§ Supplied material
....................
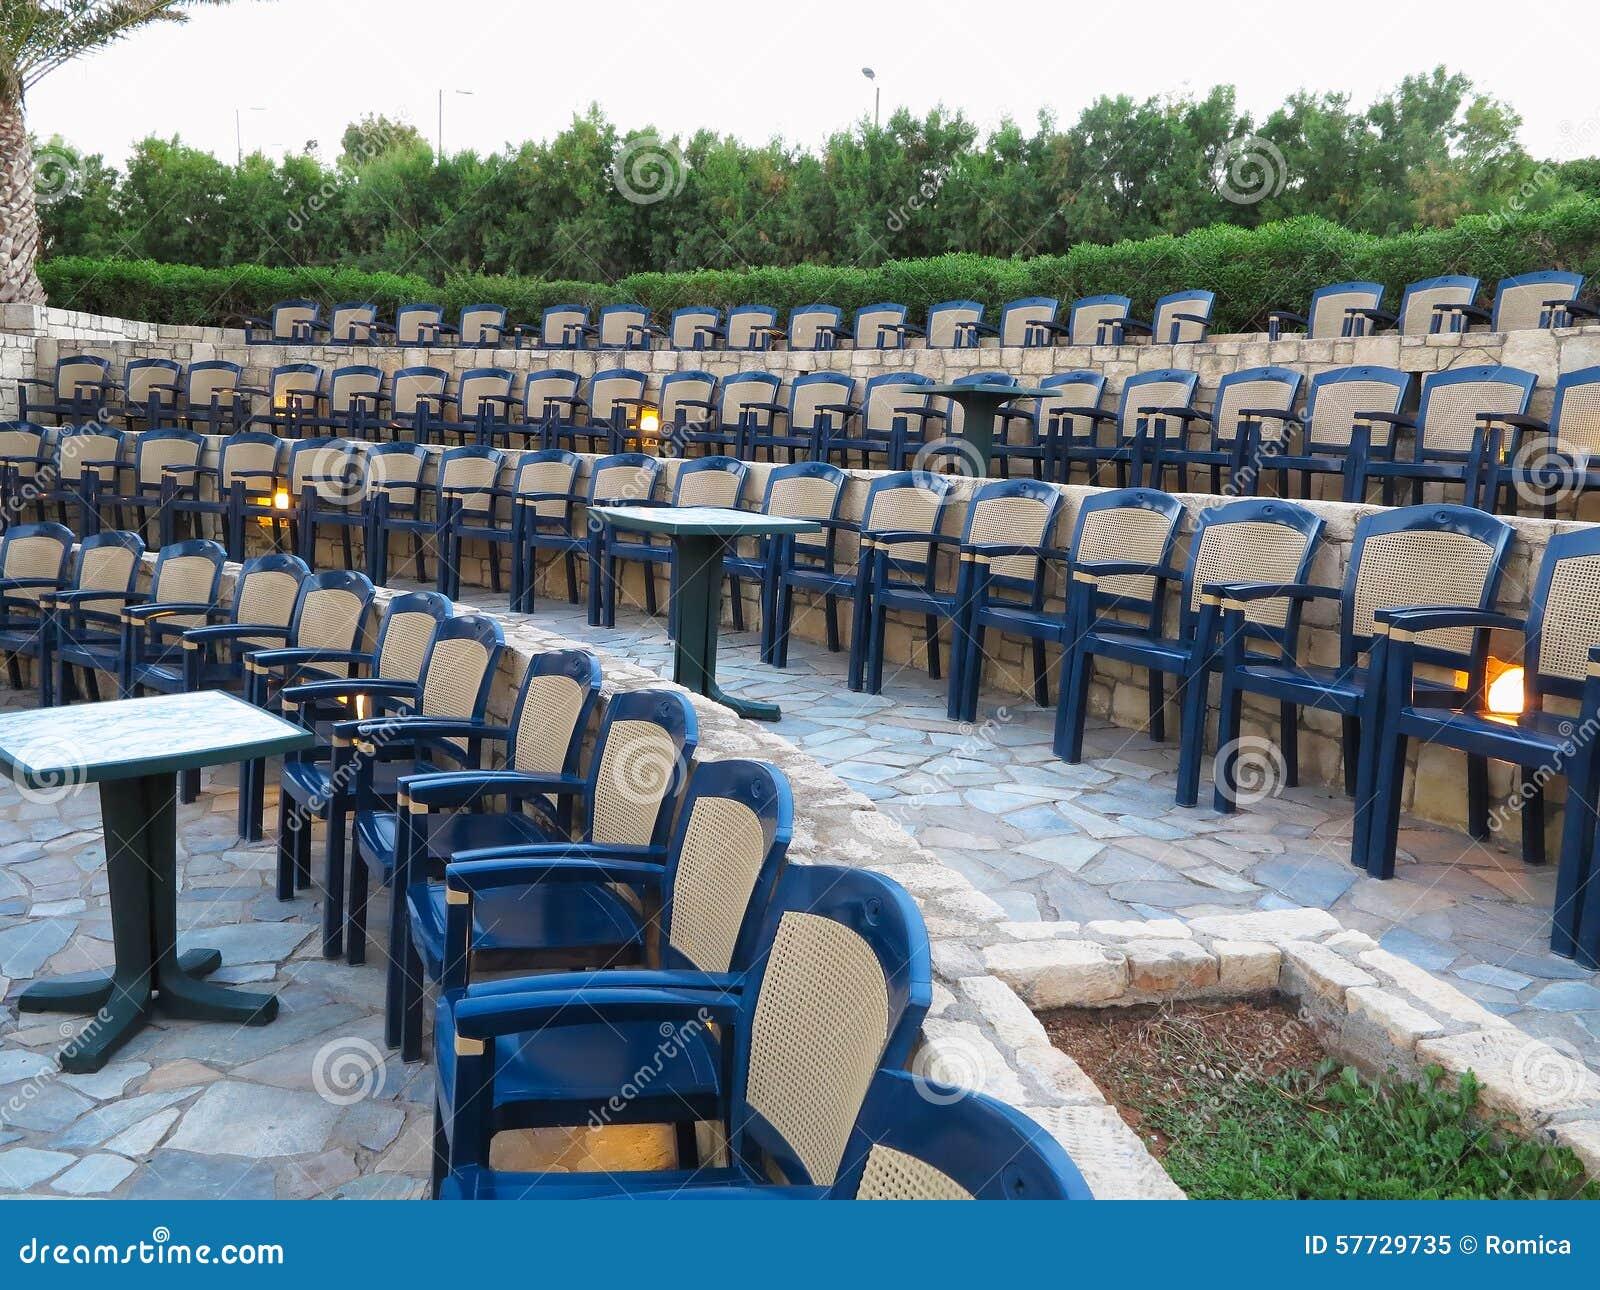 Terrific Modern Amphitheater Plastic Chairs And Palm Trees In Greece Frankydiablos Diy Chair Ideas Frankydiabloscom
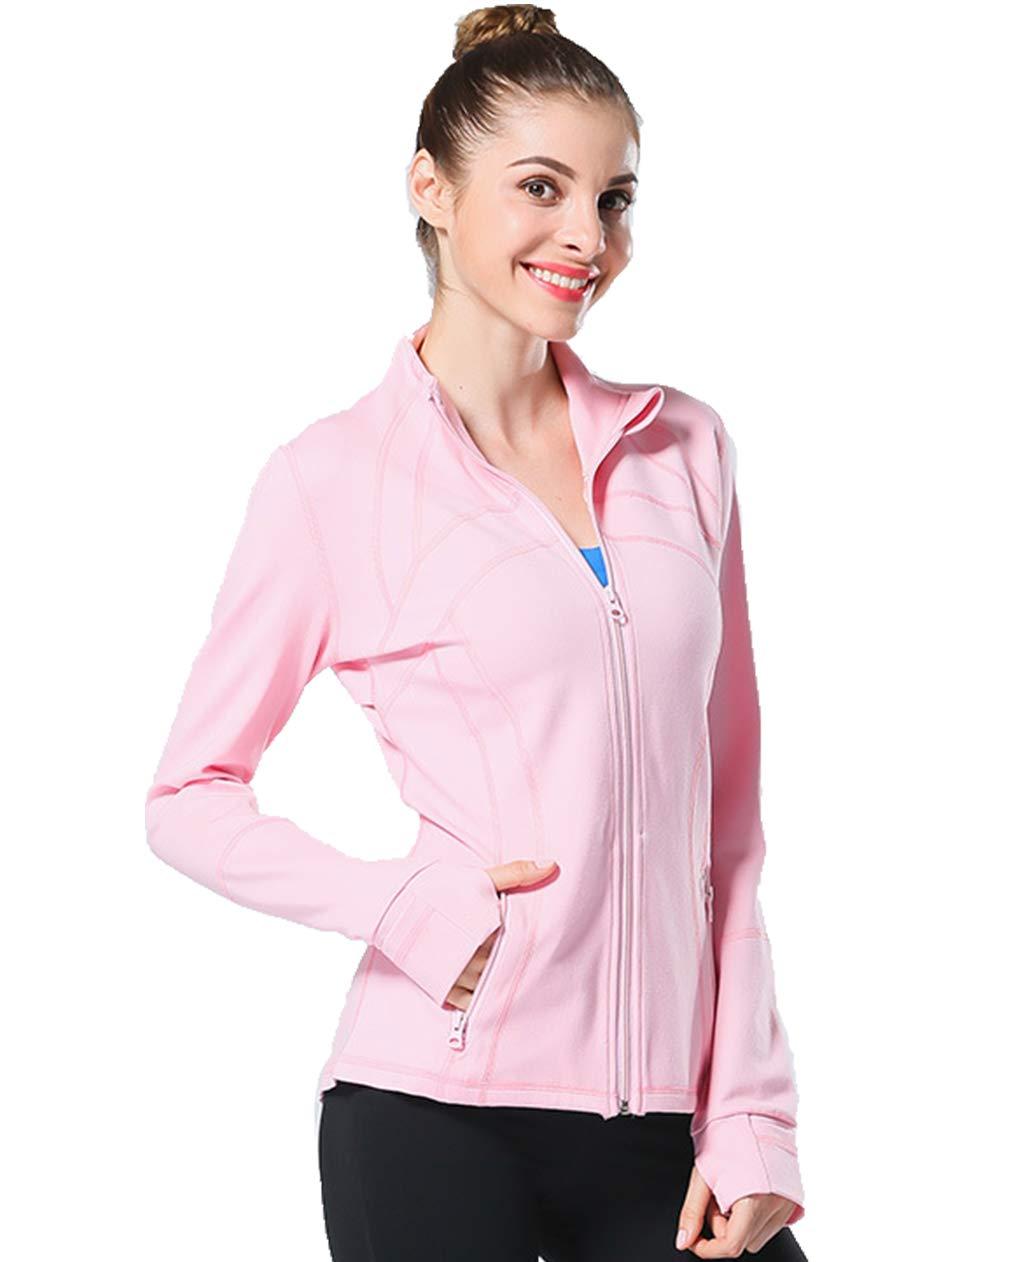 UDIY Women's Athletic Jacket Full Zip Stretchy Running Yoga Track Jacket with Pockets Pink by UDIY
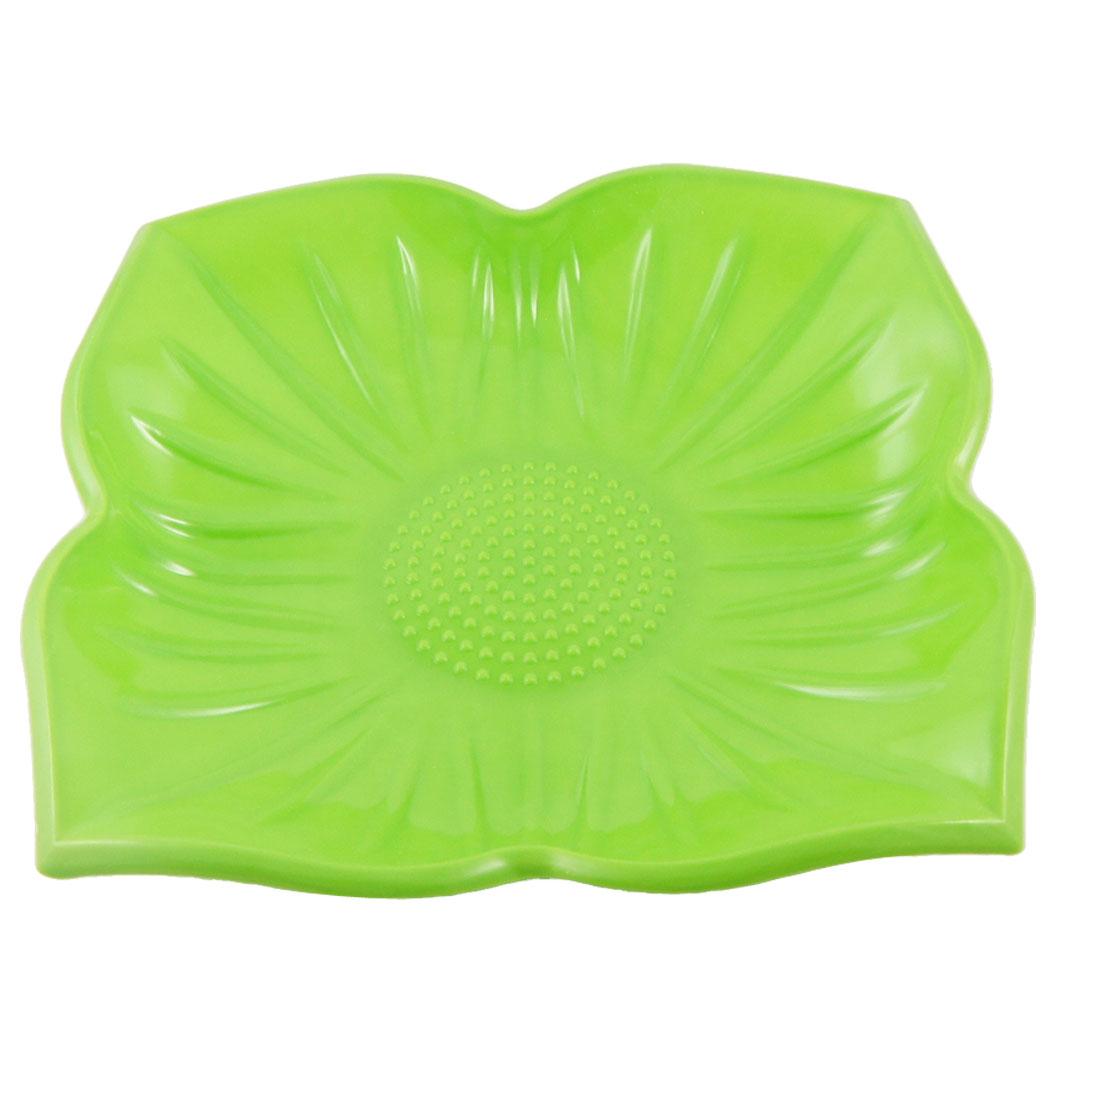 Plastic Green Floral Pattern Design Salad Fruit Plate Dish
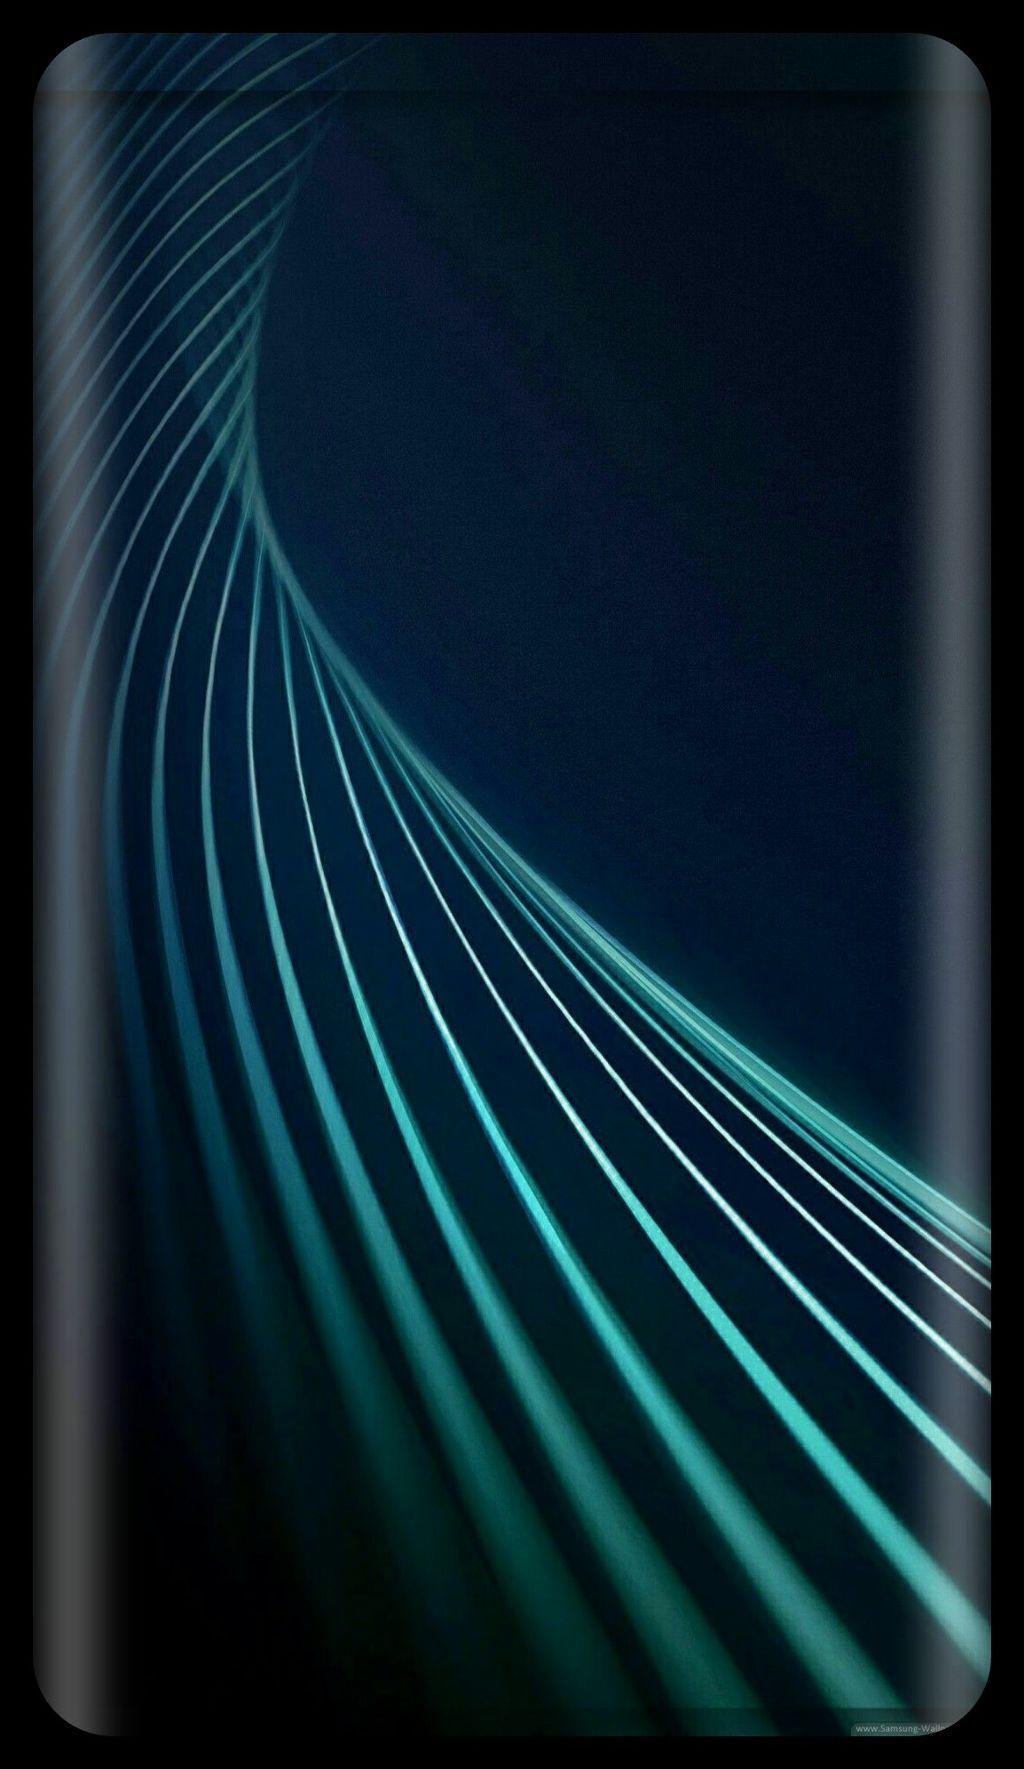 Elanglaut1981 Profiles In 2020 Galaxy Wallpaper Samsung Wallpaper Abstract Artwork
....................
§ Your goal
When you copy the data above, reproduce each line exactly and skip every image.

§ Exercise answer
 Terrific Modern Amphitheater Plastic Chairs And Palm Trees In Greece Frankydiablos Diy Chair Ideas Frankydiabloscom
 UDIY Women's Athletic Jacket Full Zip Stretchy Running Yoga Track Jacket with Pockets Pink by UDIY
 Plastic Green Floral Pattern Design Salad Fruit Plate Dish
 Elanglaut1981 Profiles In 2020 Galaxy Wallpaper Samsung Wallpaper Abstract Artwork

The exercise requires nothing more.